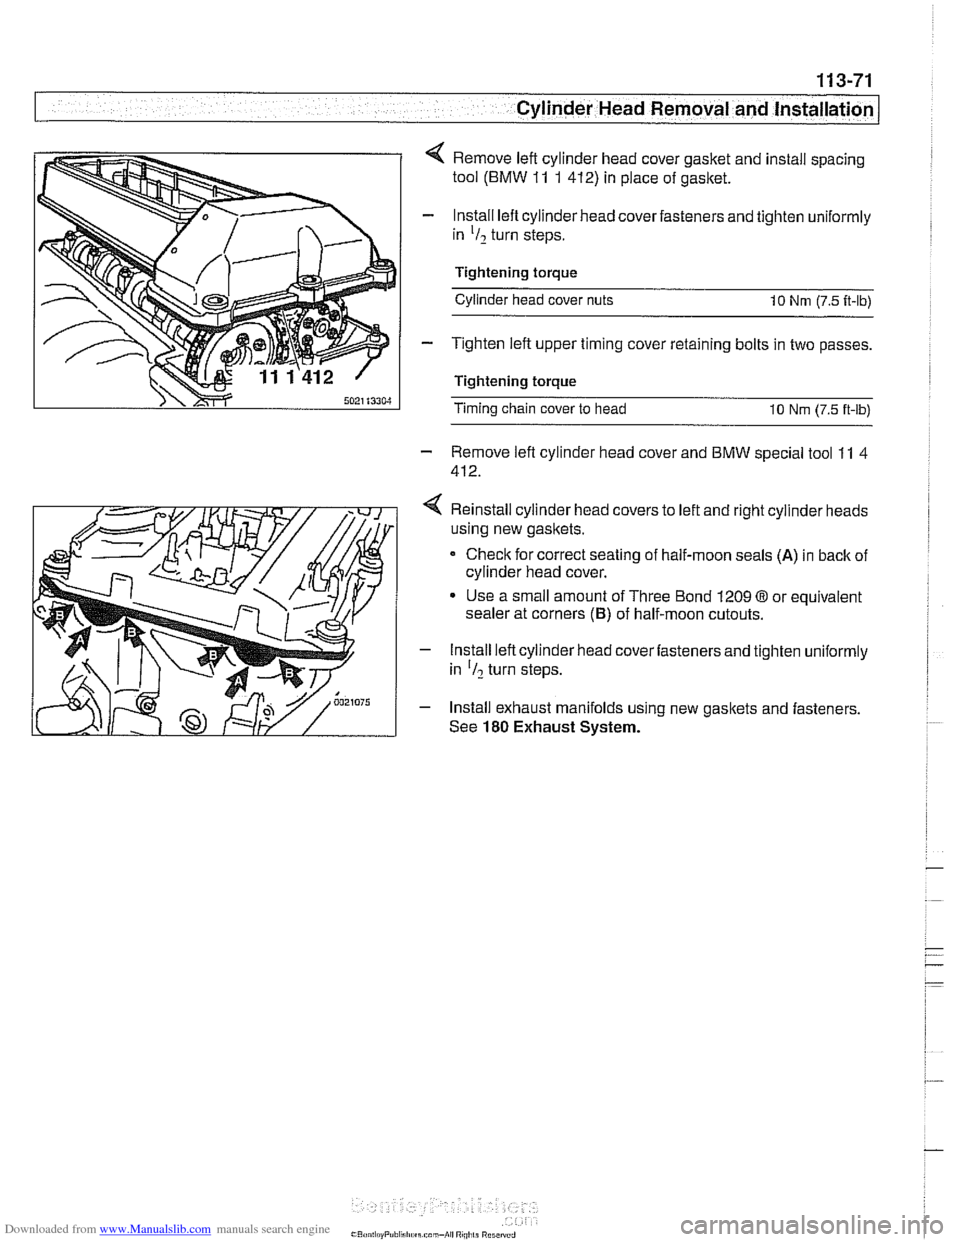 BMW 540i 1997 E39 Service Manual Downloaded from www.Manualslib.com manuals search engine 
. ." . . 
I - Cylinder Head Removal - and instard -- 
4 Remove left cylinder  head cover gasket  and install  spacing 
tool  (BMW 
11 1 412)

Directions:
What is needed is a word-for-word restatement of the entries, minus any pictures.

Solution to this exercise:
 BMW 540i 1997 E39 Service Manual Downloaded from www.Manualslib.com manuals search engine 
. ." . . 
I - Cylinder Head Removal - and instard -- 
4 Remove left cylinder  head cover gasket  and install  spacing 
tool  (BMW 
11 1 412)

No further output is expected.